Traditional media, she said, “show trans women as hyper-sexualized, deconstructed objects only capable of prostitution. These stories dangerously focus on the superficiality of sex rather than the complexities of gender identity. As a way to combat these stereotypes…I have aimed my camera on their personal lives with friends, family and partners, rather than their lives as sex workers….If society can’t see them as human, how will people see that they deserve rights and respect just like any other?”
Daniella Zalcman won the Inge Morath Award last year for her “Signs of Your Identity” project, about the legacy of coercive assimilation policies on indigenous children. She uses composite portraiture to tell the story, and her project was the most experimental of last year’s shortlist of contenders. “It was a surprising and inventive approach,” Lubben says.
Zalcman says she applied for the award twice before she won. Photos she submitted with previous entries weren’t strong enough, she says, or the projects didn’t fit the ethos of the award. Most winners and finalists, she explains, “have a heavy humanist and social documentary slant, because that’s what Inge was known for in her work.”
In her winning application, Zalcman explained that coercive assimilation “has happened in nearly every country around the world where an indigenous population came into contact with a colonial government. It is a horrifically marginalized part of the American narrative.” Like most people in the U.S. and Canada, she explained, she never learned about it in school.
Suppression of indigenous history and culture continues, she said in her application, adding, “I believe that this project—and the associated educational work—are an important part of beginning to decolonize our newspapers and history textbooks.”
She said she was applying for the Inge Morath Award to continue her project in other countries. At press time, Zalcman was in Central Australia, interviewing and photographing subjects for the project.
Gabriella Demczuk was a finalist for the award in 2016 for “Baltimore Sings the Blues,” about the effects of police violence on communities in that city. Many photographers have covered the story since Freddie Gray died while in police custody in 2015, Lubben notes. But Demczuk’s project stood out because “she was looking at the community as a whole and the way the issue was playing out in different parts of the city. It was a combination of an important story, and someone with a strong, confident eye who wasn’t taking a head-on approach, but trying to do something more complex and nuanced.”

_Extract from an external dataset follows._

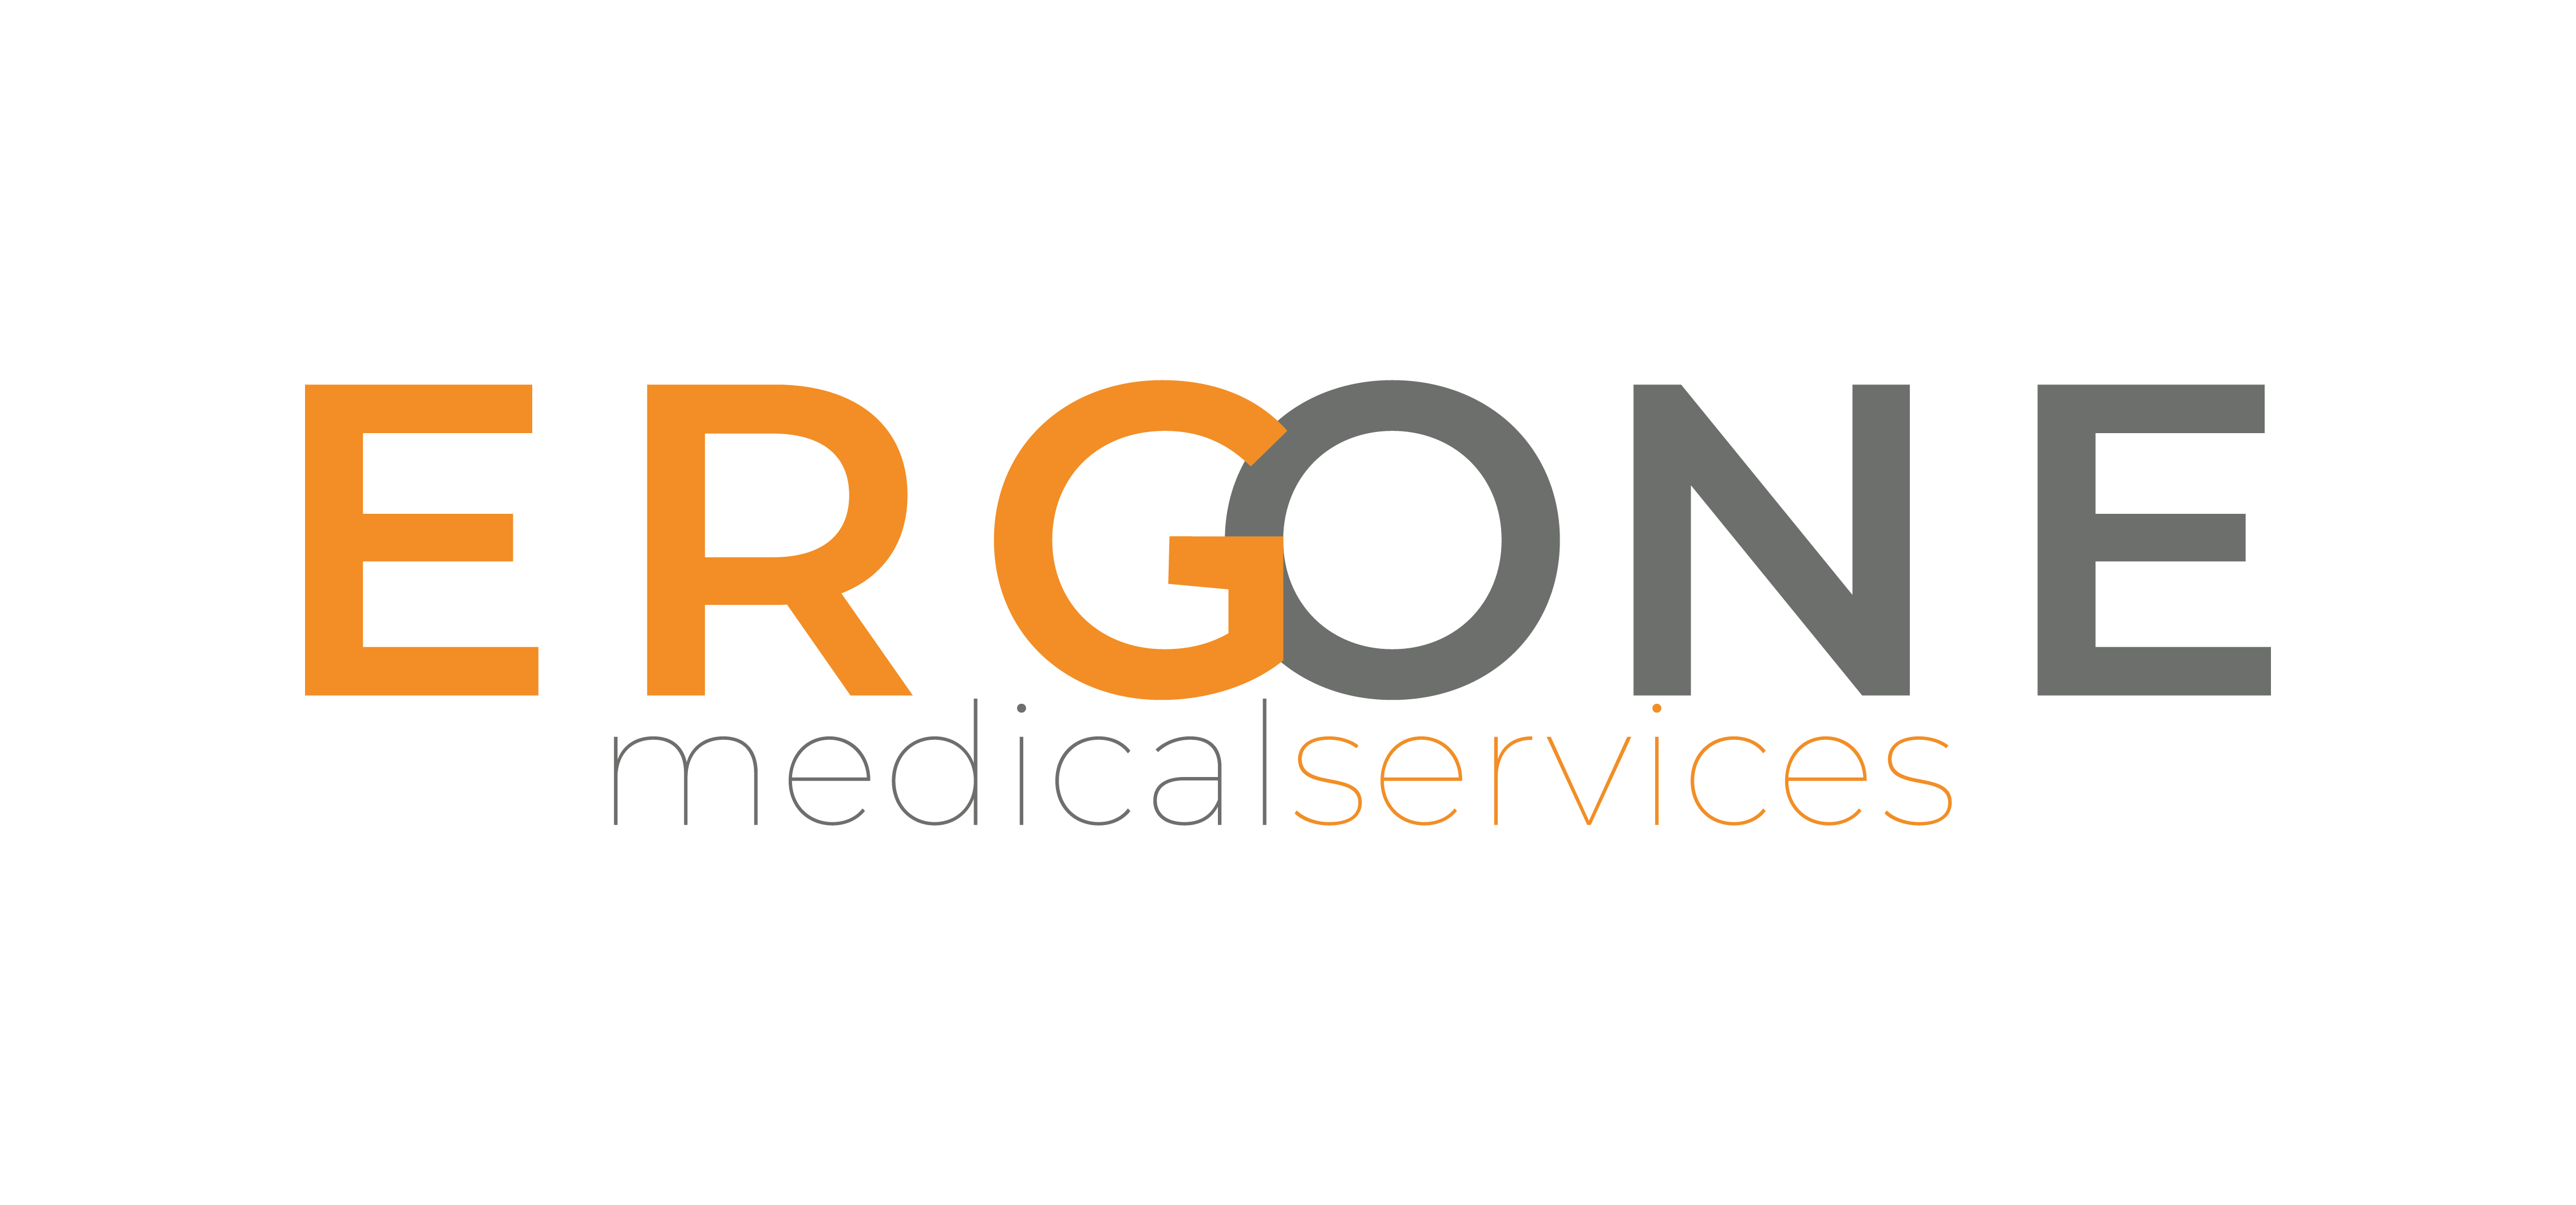 ERGONE medical services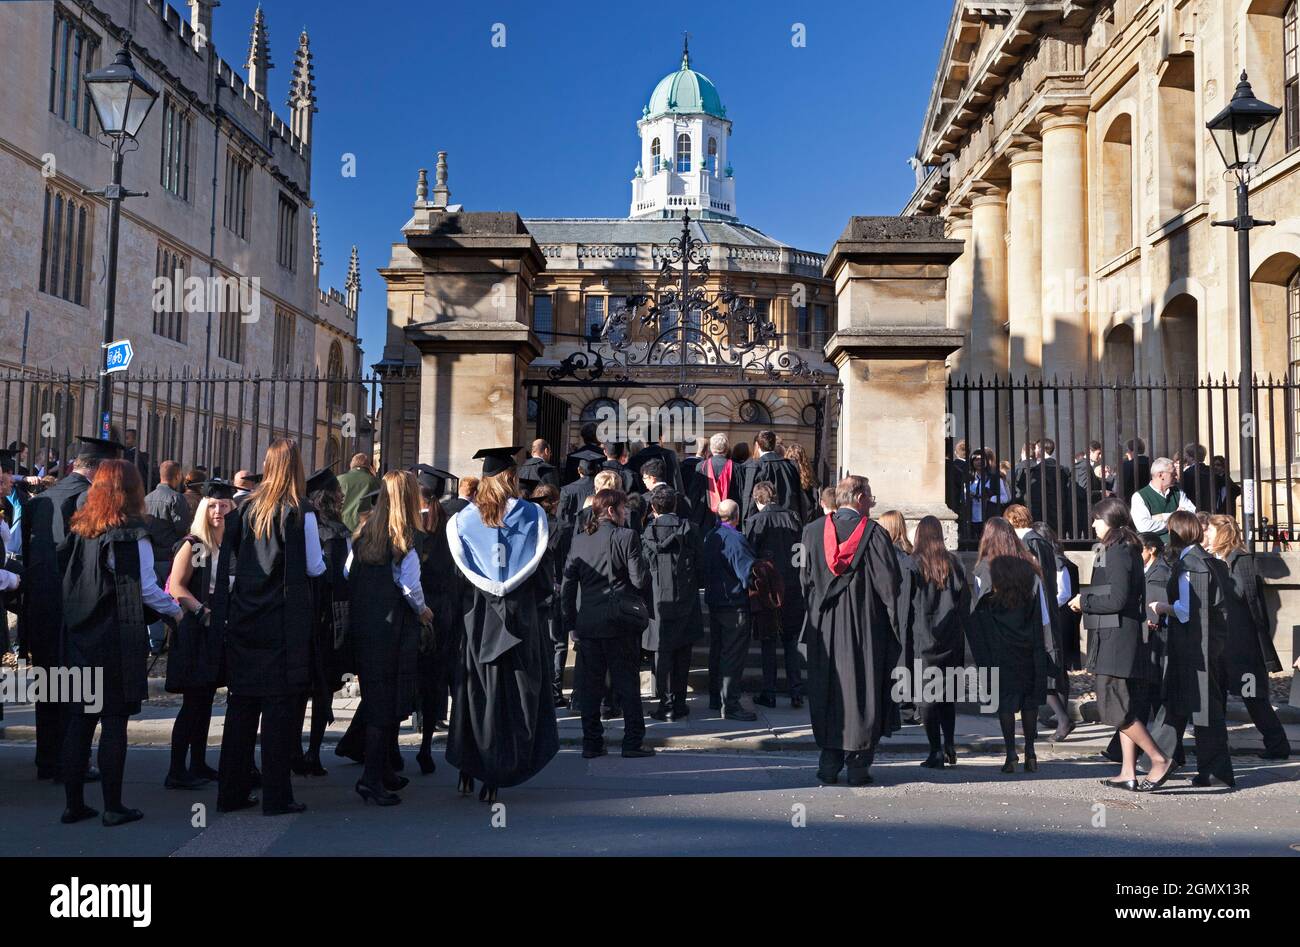 Oxford, England - 2018; jedes Jahr gibt es eine Immatrikulationszeremonie für Studenten der Universität Oxford, komplett mit Pomp, Ritual und viel Freude. Hier Stockfoto

Like Villasana, Zalcman emphasized the importance of research in successful grant applications. “It makes a huge difference if you can prove that you understand the historical context of your work, [and] that you’ve become a true expert in the story you’re documenting,” Zalcman says.
Both photographers also emphasized the importance of applying for as many grants as you can. Zalcman says doing that has taught her “how to be concise and compelling” and “how to make people care about your stories as much as you do.” Villasana says that applying for grants helps her reflect on what she’s doing and why it’s important, and how she can improve her work.
Lubben’s advice to photographers is not to hesitate to apply. She recalls seeing “work that was amazing” at a portfolio review, and asking the photographer why she hadn’t applied for the Inge Morath Award. “She said, ‘I didn’t think I was ready,’” Lubben recalls. “Apply for everything you can, because it’s good experience to do that and have people see your work. Don’t be shy.”
She also advises would-be applicants to make sure they choose the right body of work for submission. “Not necessarily the project that has gotten the most play, but the one you’re most passionate about, that you feel is the most original and exciting, and is going to show you best. Be self-critical, and maybe get feedback from others who know your work and can give you advice about what body of work to put forward.”